Отец кивнул. – Да, превратиться в камень. Конечно! Другого выхода нет, если не хочешь быть поглощённым Западом и Вавилонской блудницей. В этом моя победа!

Я посмотрел на отца со снисходительным состраданием: – А как же любовь, которой ты учил с амвона? Как же милосердие к падшим?

Отец проигнорировал моё ёрничество. – Зри в корень, сынок! Ты же прекрасно знаешь, что мы с тобой из священнического рода, поэтому даже ты, в какой-то мере, хранитель традиции. Я буду проявлять любовь к людям, если буду следовать своему долгу. А мой долг – хранить традицию.

– Иудейский заговор и прочие протоколы сионских мудрецов тоже часть традиции?

– Да, это часть святоотеческого предания, которая прежде всего нуждается в сохранении. Иудеи – суть лютые враги Христа и мира с ними у нас, христиан, быть не может. Только краткое перемирие. Святые отцы были очень мудрыми людьми, просвященными не только знаниями, но и Духом Святым. Они оставили нам Деяния Вселенских Соборов и писания, в которых они предупреждают о коварстве дьявола и о последних временах. Так же тайновидец Иоанн Богослов предупреждает о пришествии в мир антихриста, которого святые отцы отождествляют с ожидаемым иудеями мессией.

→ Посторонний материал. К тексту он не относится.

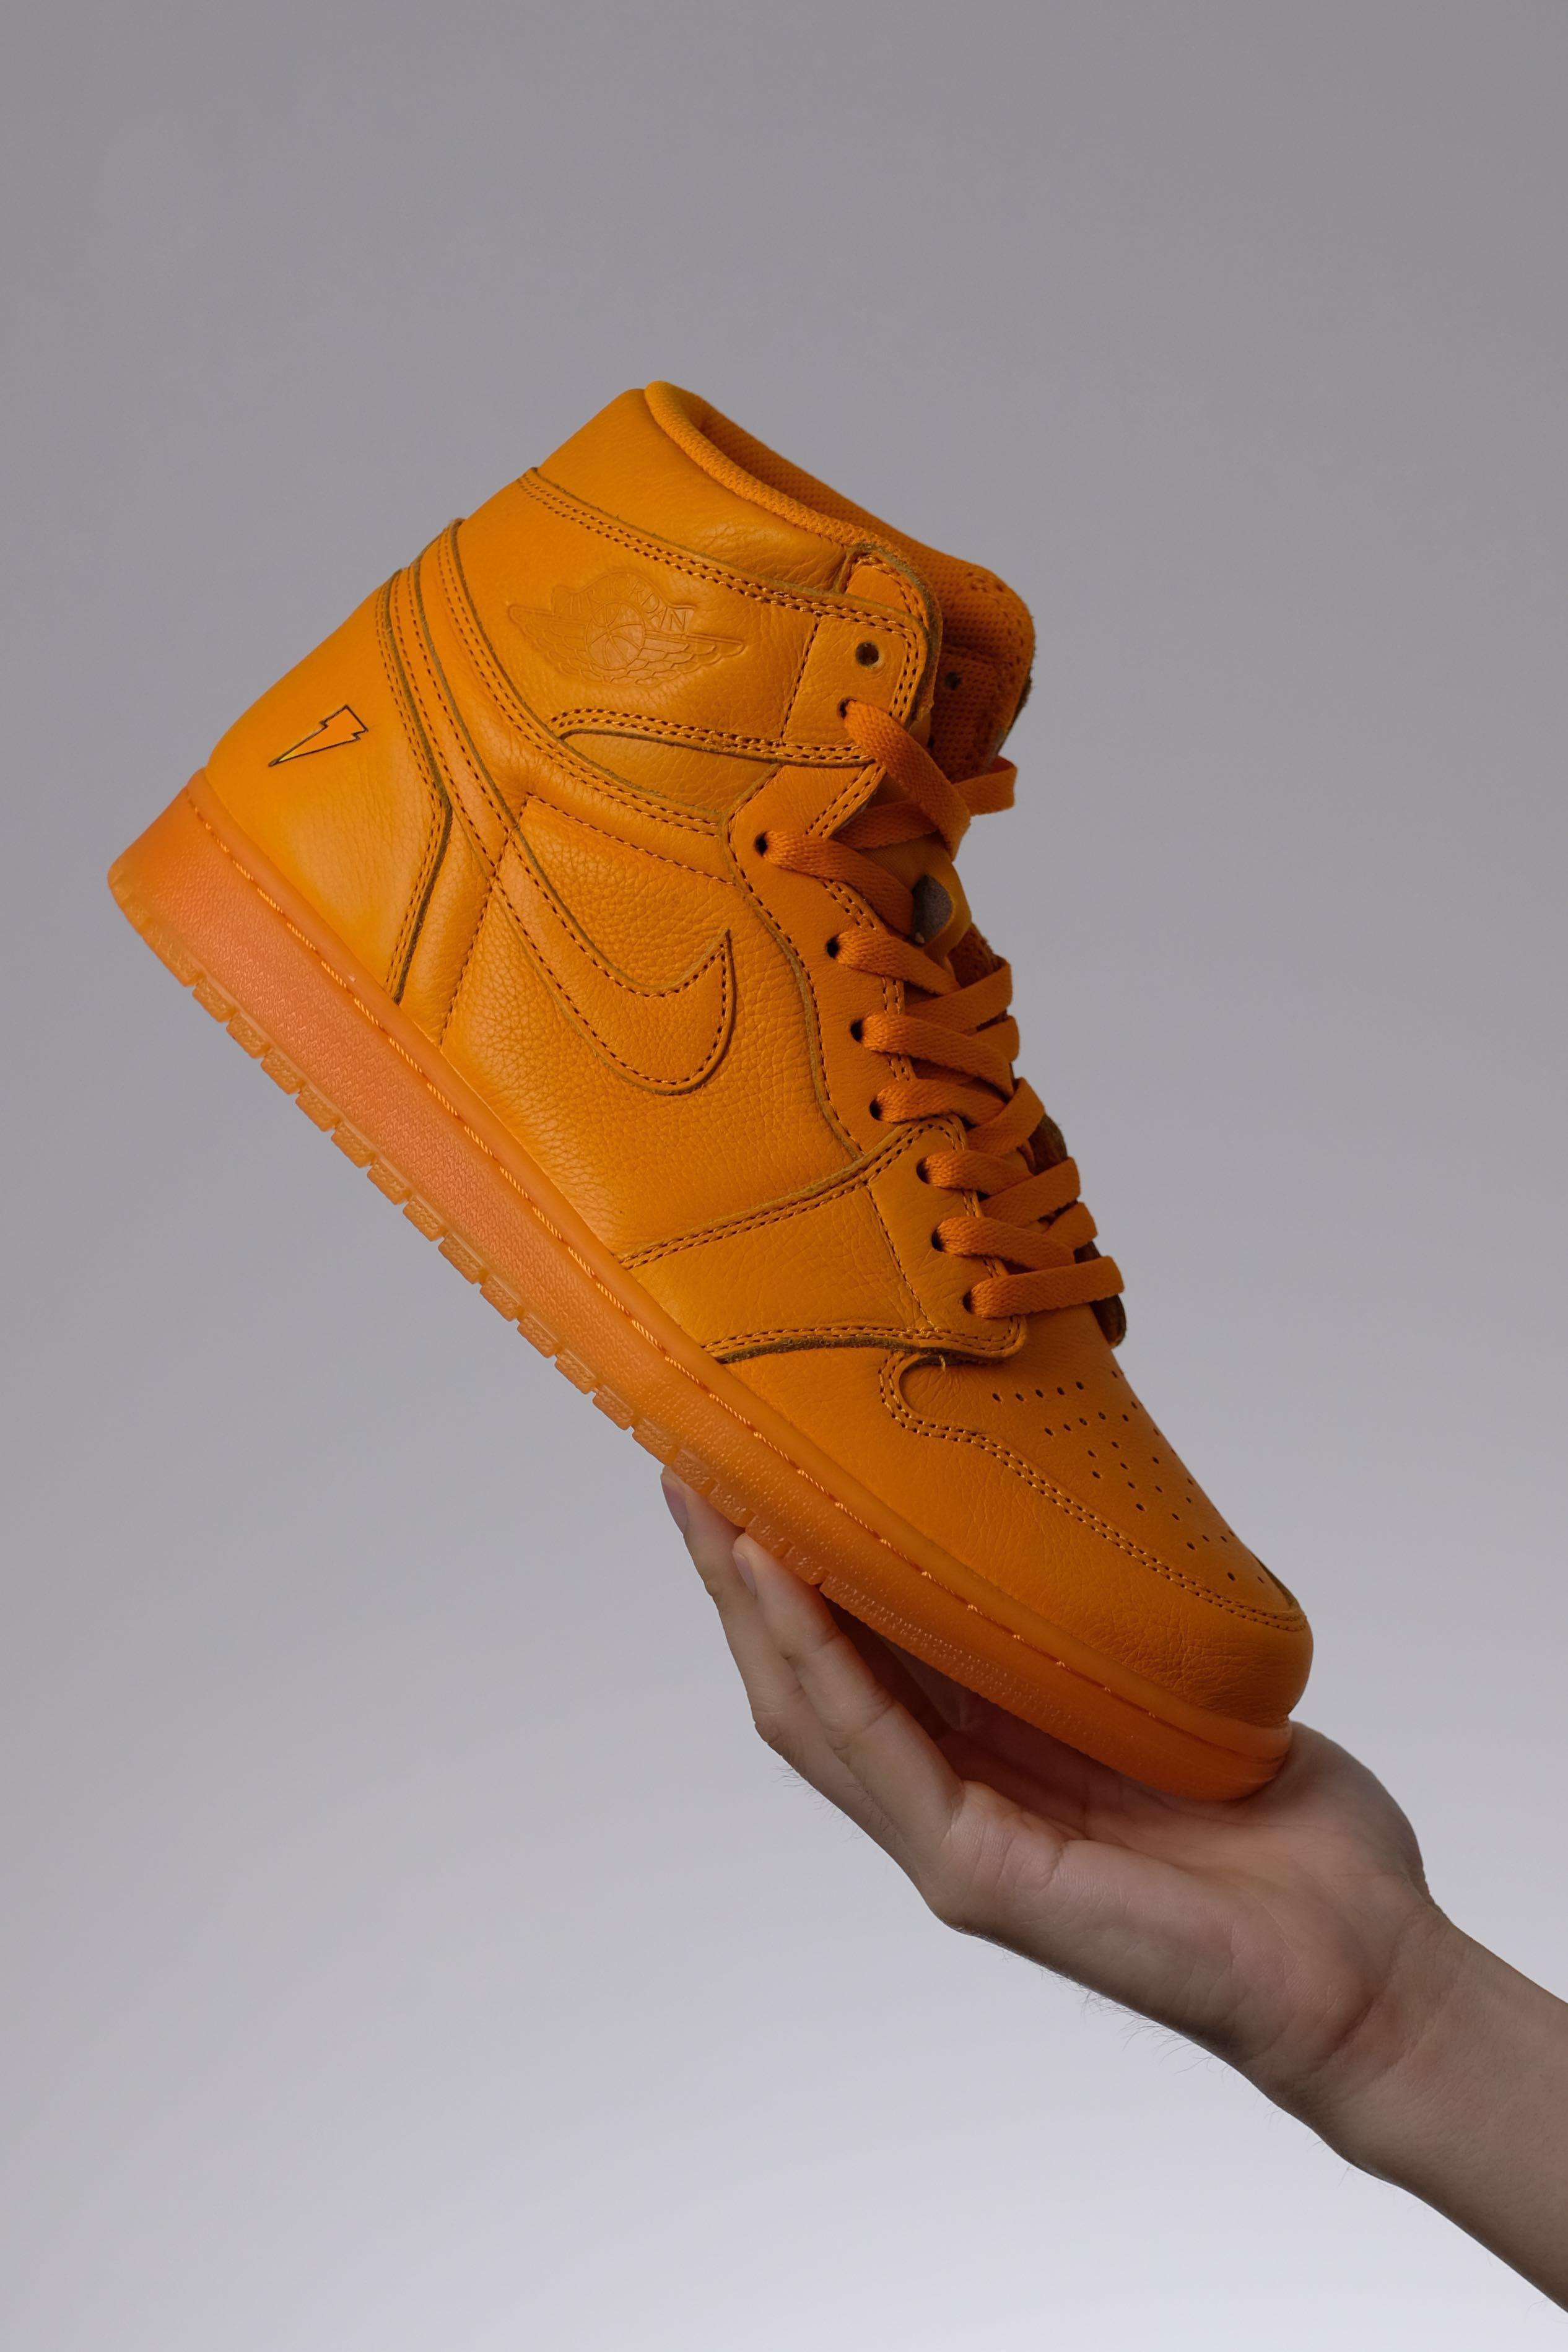 74ebef96c92 Jordan 1 Gatorade Orange Peel US10.5, Men's Fashion, Footwear ...

– Но это же средневековье, пап! Хм. Посмотри, как всё меняется вокруг! И мы тоже меняемся вместе с миром. Не может быть иначе, ведь мы его часть. Разве евреи не люди, почему мы должны их ненавидеть?

– Да причём здесь евреи?! Я же говорю – зри в корень! Христос вчера и днесь один и тот же. Именно поэтому нужно превратиться в камень и быть единым с Церковью прошлого и будущего века. Потому что отрыв от традиции ведёт к отрыву от Церкви. Отрыв от Церкви ведёт к отделению от Христа и к гибели вечной.

Сапсан, бомж-еврей и "опиум для народа"

За время моего служения в рядах бандитской братии Санкт-Петербурга я повстречал немало интересных, в кавычках и без кавычек, людей – о некоторых из них хотелось бы рассказать подробней. Так сказать, сохранить экспонаты для музея истории. Ибо история лишь музей для человека, любующегося прошлым с кажущейся высоты настоящего. Посему попробую описать три характера, даже скажу возвышенней – три религиозных типа, через призму которых легче понимается время, в которое мы тогда с головой окунулись. Я имею в виду "лихие девяностые".

Был среди наших товарищей один бравый напёрсточник, известный в криминальных кругах Северной Пальмиры под кличкой Сапсан. Так его прозвали за острый глаз и меткую стрельбу, а может быть, и за то, что было в его обличье нечто казашье и азиатское. Согласно его же похвальбе, Сапсан одним из первых в стране стал заниматься "напёрстками" – "любимой игрой Виктора Цоя времени застоя".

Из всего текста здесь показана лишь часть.